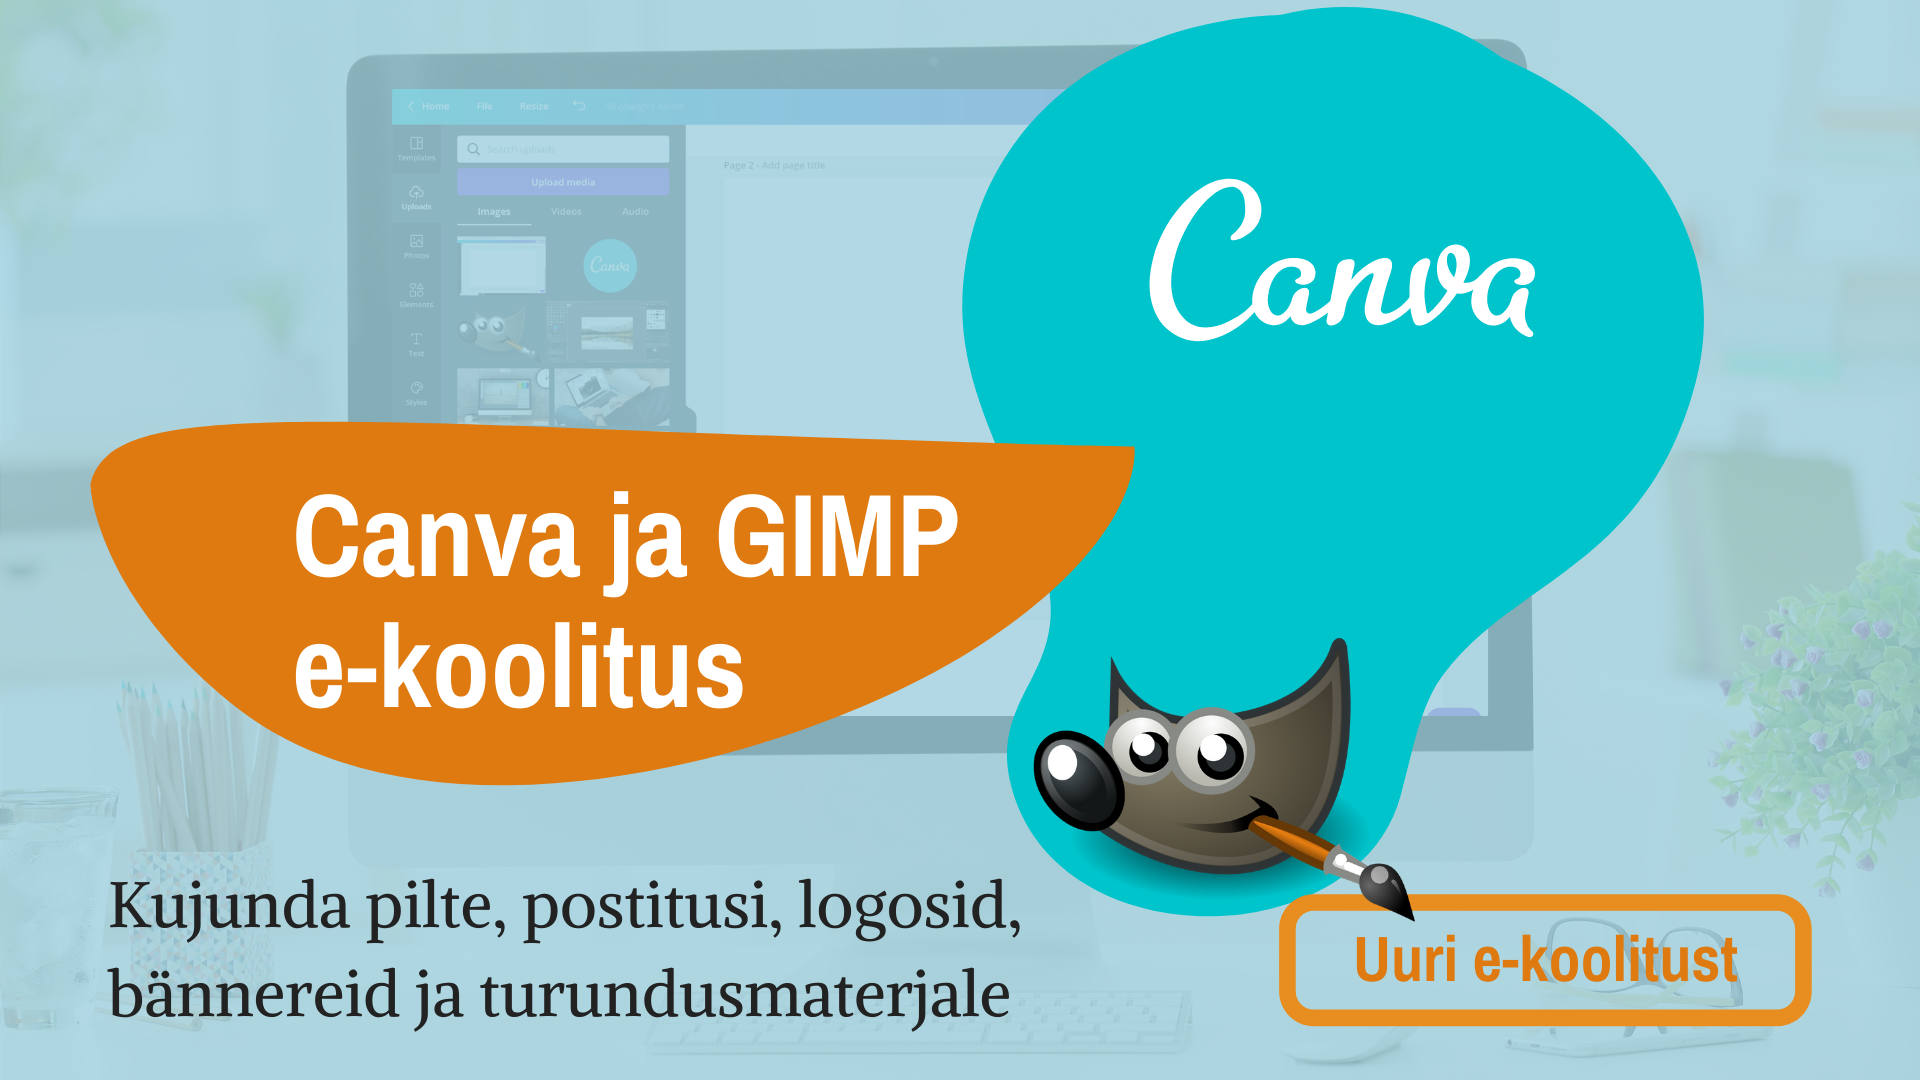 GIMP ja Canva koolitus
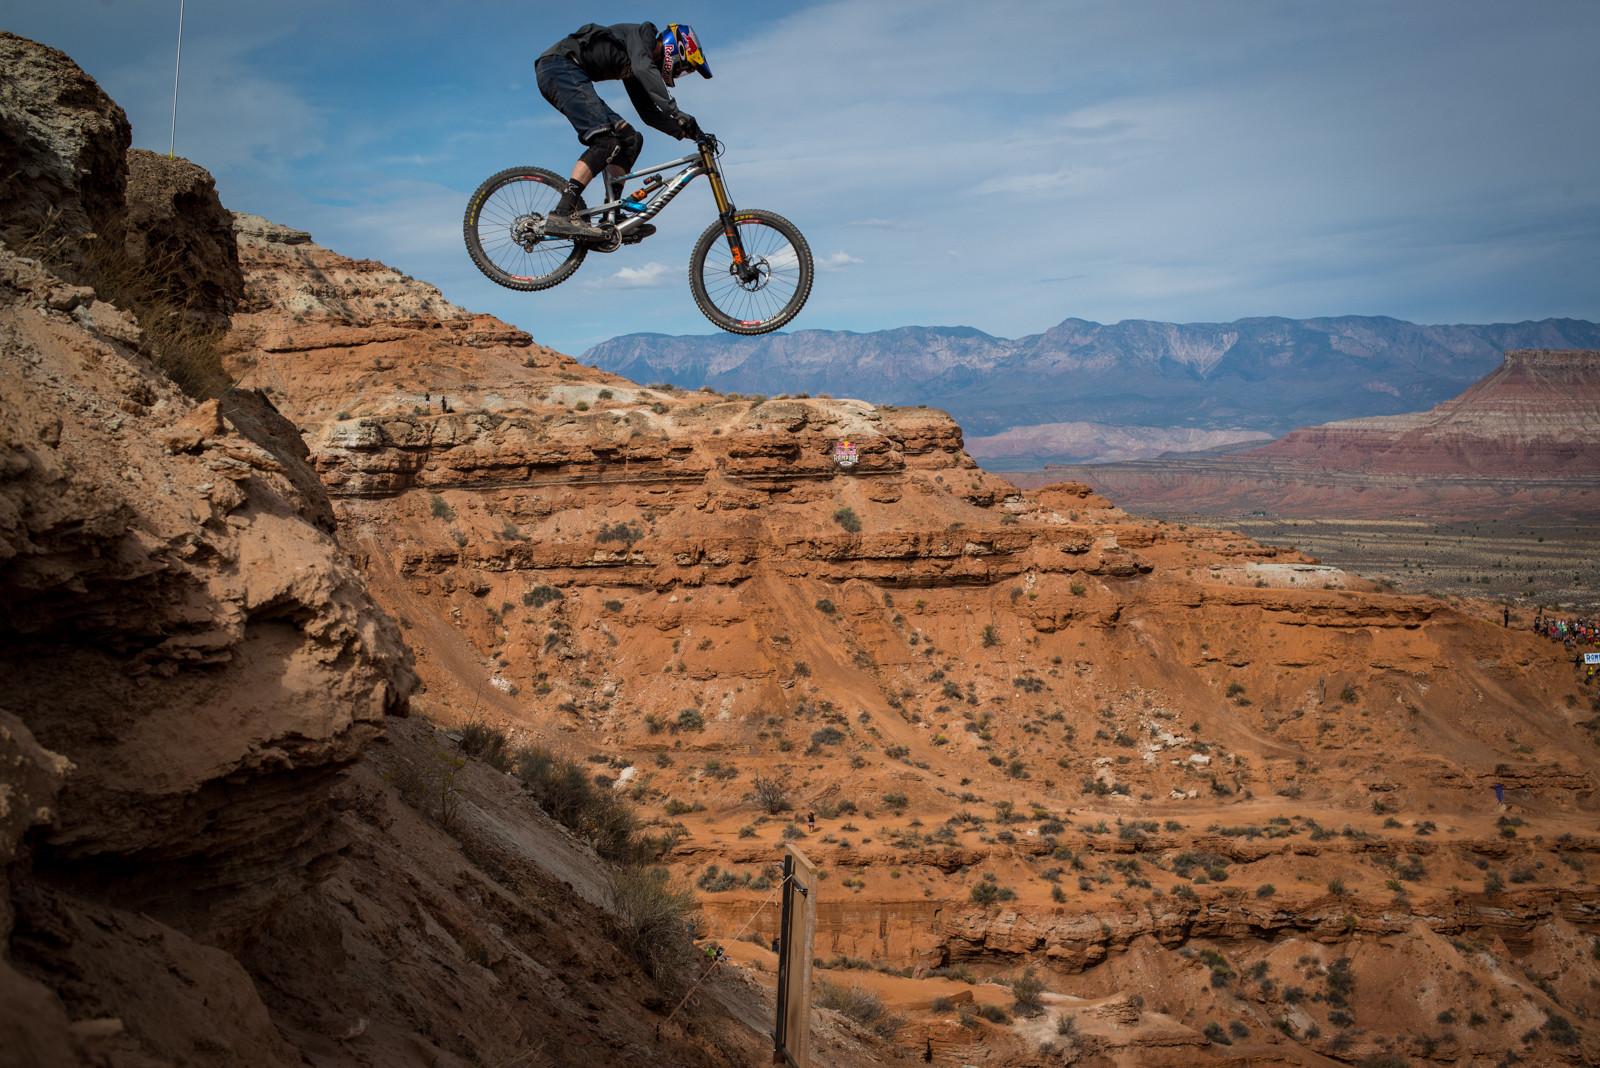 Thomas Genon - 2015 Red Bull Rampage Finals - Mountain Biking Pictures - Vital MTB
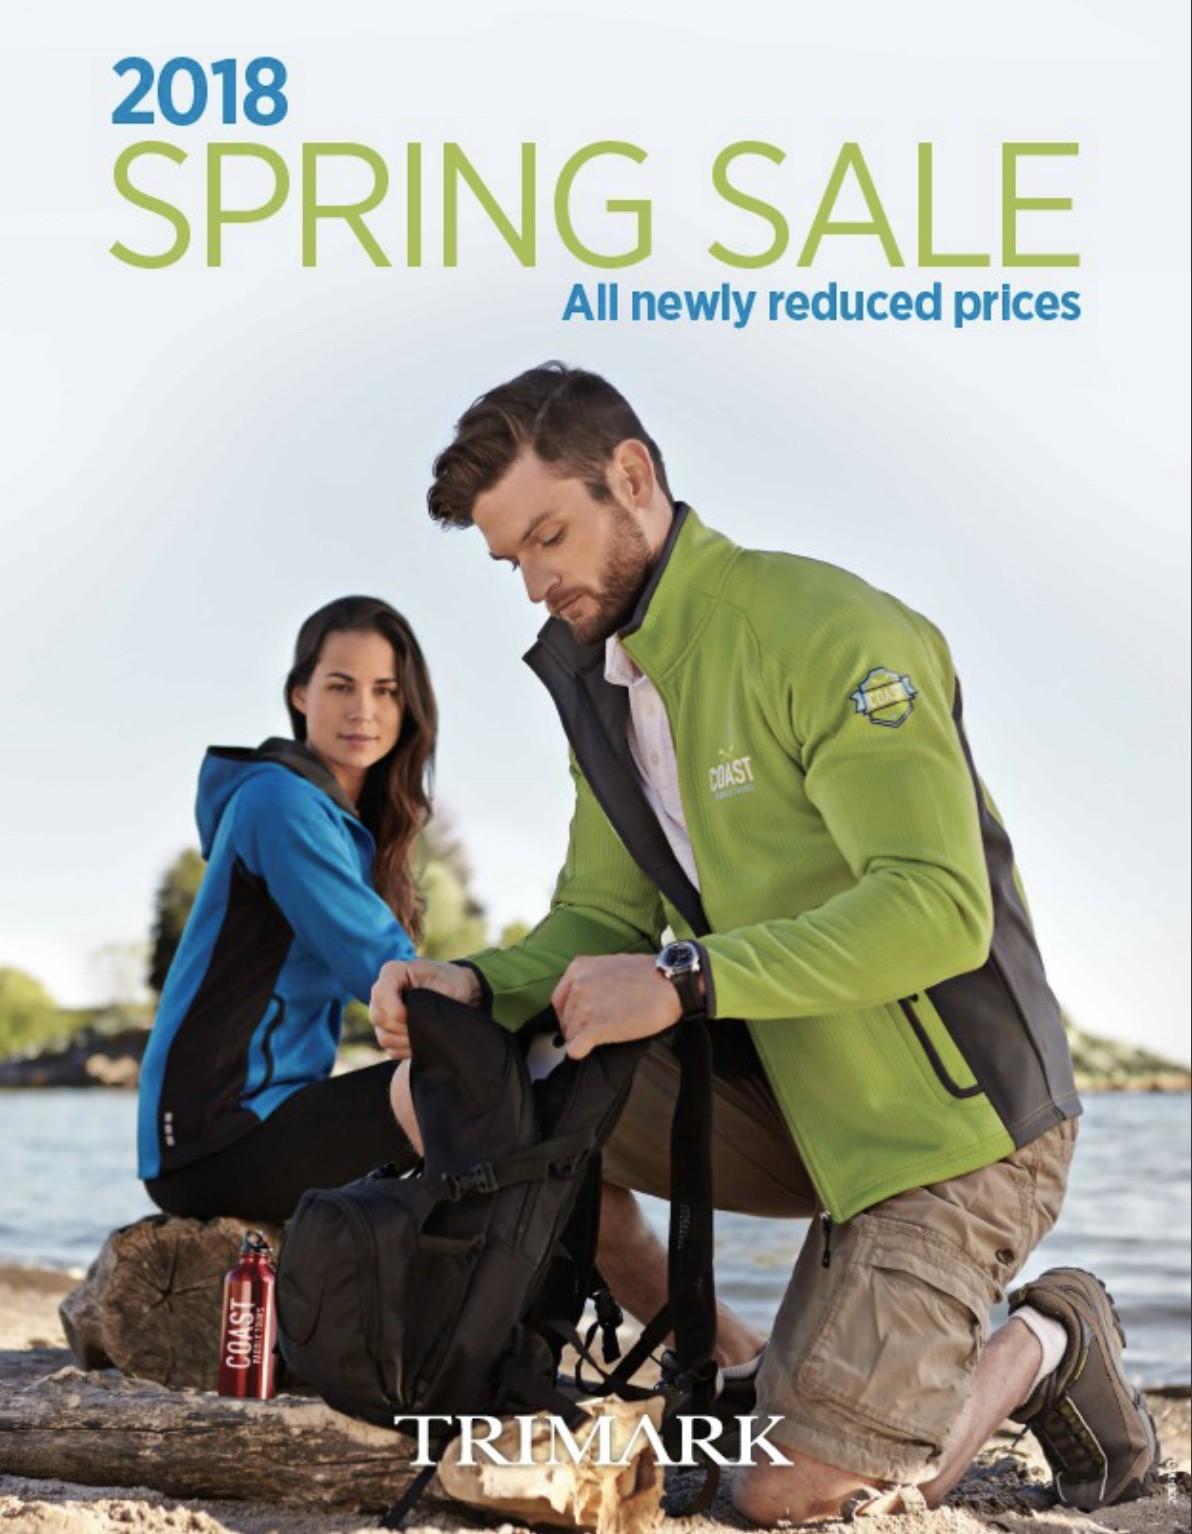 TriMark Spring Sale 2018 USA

:::

- WORK TASK
Up to and including the last line of the listing, starting at the line with "Thomas Genon - 2015", extract every line exactly and leave out the pictures.

- OUTPUT FOR THIS TASK
 Thomas Genon - 2015 Red Bull Rampage Finals - Mountain Biking Pictures - Vital MTB
 TriMark Spring Sale 2018 USA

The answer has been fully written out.